The biggest savings vehicle then? Why, good old Canada Savings Bonds.
A saver was treated with serious respect back then. The Canadian
government, well into the1970s, went so far as to provide a reward
to savers in the form of a tax benefit. It was simple enough: your
first $1,000 of interest income was tax free. Not much now, you may
say, but consider this: in 1970 the average annual Canadian income
was $3,200 and by 1975 it was only $5,900. So that $1,000 represented
not only a substantial portion of a taxpayer’s income but even
more importantly a huge pool of savings.
That perk eventually got phased out. In its place came things
like dividend tax credits, tax breaks for capital gains, and other
schemes, all of which were arguably an encouragement to speculate.
This sea change was in hindsight no big surprise as first the federal
and then provincial governments embraced deficit financing in a
very big way. In effect the government was saying: ‘why wait until
tomorrow when you can have it today? Just borrow and let the next
generation of taxpayers deal with it.’ Is it any surprise that
society as a whole began thinking ‘if it’s good enough
for the government it must be good enough for me,’ and started
to treat personal finances in much the same way? Lots of other inducements
to spend began popping up. Late-night shopping, Sunday shopping (yes,
there once was a time when the mall was closed for a whole day!),
24 hour shopping, progressively easier credit availability and terms,
pre-approved credit (everyone, it seemed, carried $25,000 in their
back pocket, because everyone managed to somehow qualify for five
credit cards). Rampant speculation was actively encouraged (borrow
and buy!; mortgage your house and invest!) by those whom you used
to look to for sage and measured advice. The combination of the disincentive
to save, the almost universal shift to speculation, government and
personal deficit financing, and fundamental avarice all brought about
the mess we’re in today. In one generation we’d succeeded
in throwing out the most valuable financial lesson our parents and
grandparents had taught us.
Registered Retirement Plans were introduced a half-century ago to
help those with no pension plan to save towards retirement.
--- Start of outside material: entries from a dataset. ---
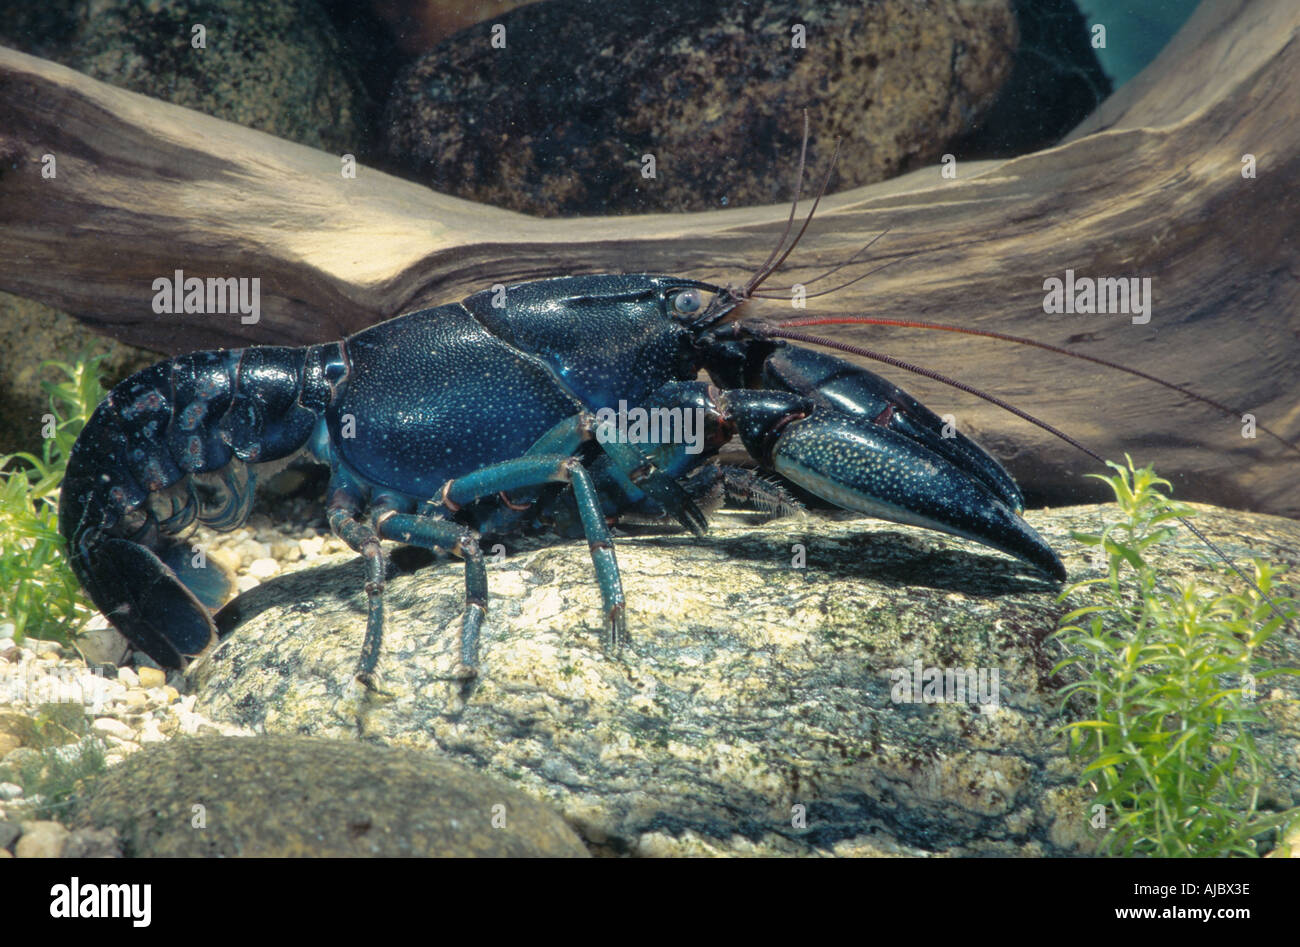 Australian crayfish (Cherax pressii), side view, Australia Stock Photo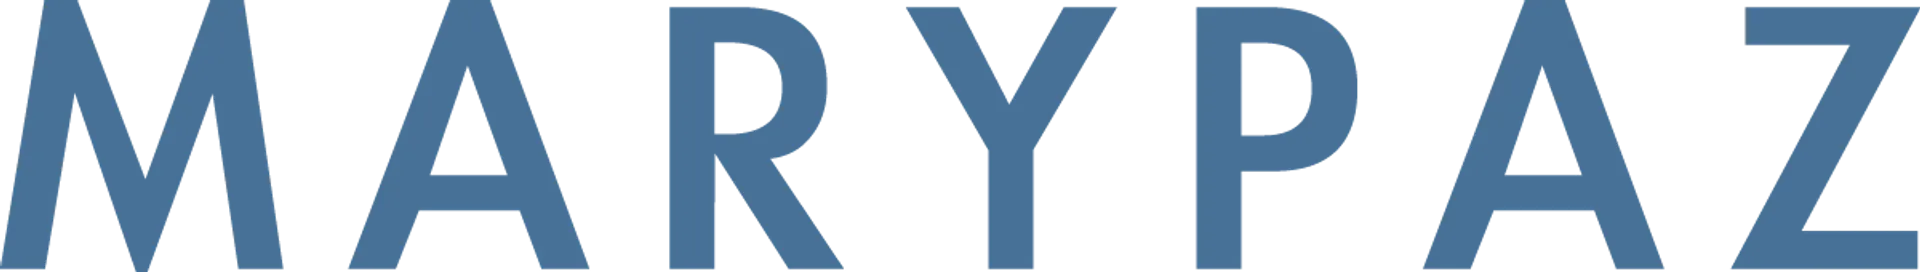 MARYPAZ logo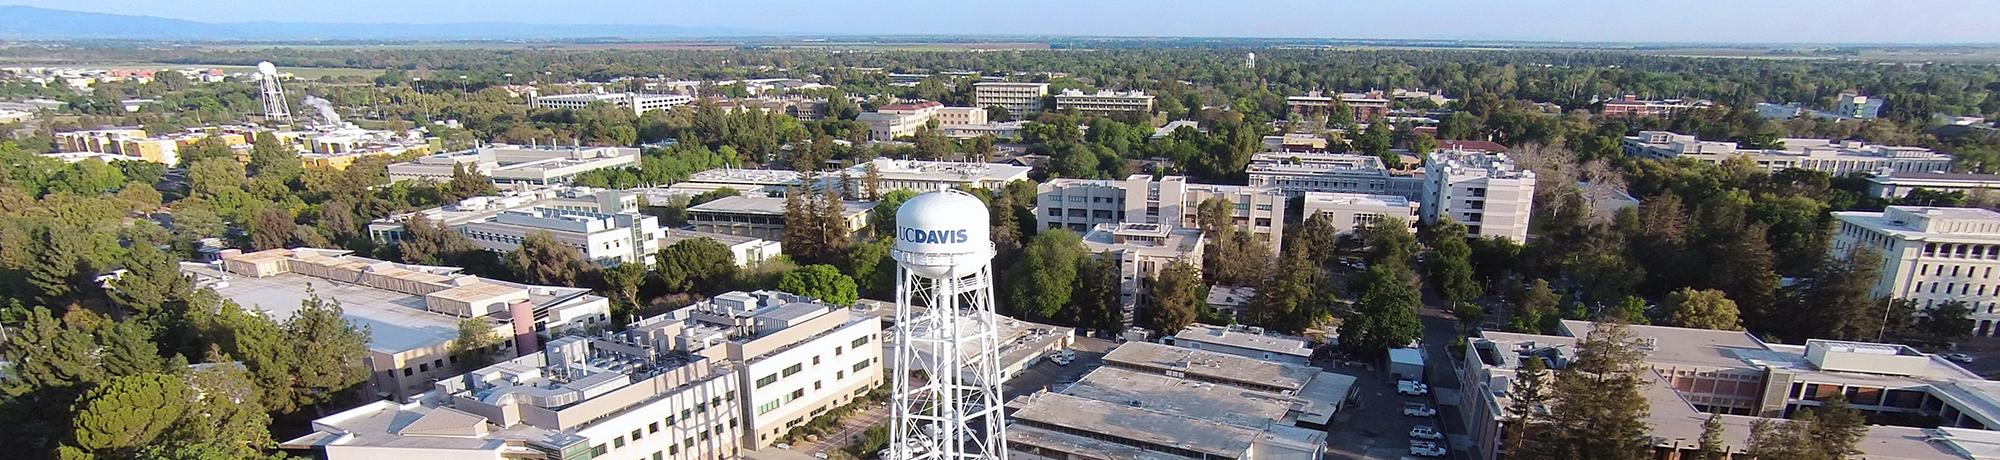 Panoramic image of UC Davis campus.

It was
viewed as a welcome additional incentive to save. Unfortunately,
it has morphed into the savings vehicle of choice: today,
most Canadians have virtually no savings outside of their RSPs. Even
then the money is only partly yours: an RSP is, after all, a tax
deferral device, as any retiree on an increasingly diminishing income
can ruefully attest.
The federal government has recently come up with a Tax Free Savings
Account with a $5,000/annum contribution limit. The idea is that
you keep tax-free the earnings from your investment in this vehicle.
Good idea, but half-hearted at best, and of no value to seniors.
Interest rates for five year GICs are at 1.9% which means a dismal
$95 in tax-free earnings. And seniors are not as likely to be saving.
In fact, many seniors have accumulated substantial savings, $500,000
or more not being uncommon. Their working years were characterized
by doing everything right, practicing frugality and caution, and
saving. But instead of paying them $25,000 or $30,000 a year in interest,
the return is now down to maybe $10,000. And taxable. That’s
a big negative for someone who no longer works. And while seniors
have – with the possible exception of a mortgage and car loan – all
the expenses the rest of us face, they probably have more if such
factors as health are considered. In addition, seniors are more and
more being beleaguered by their kids who are in financial difficulty
themselves. We now have the ridiculous spectacle of someone with
half a million – still a whack of money – struggling.
It ain’t pretty.
What should be done? Well, government needs to move away from wholesale
subsidization of a rampant consumer economy. It’s not healthy,
it’s finite and it’s a big mistake: at some point we’ll
find ourselves back at this point, albeit even poorer. Secondly,
government needs to recognize that the opportunity to save is an
integral part of any healthy economy. Most important of all, government
should encourage a return to the ‘good old days’ of
individual thrift by introducing some seriously substantial tax relief
for savers.
All that, and maybe close down the malls on Sundays, too.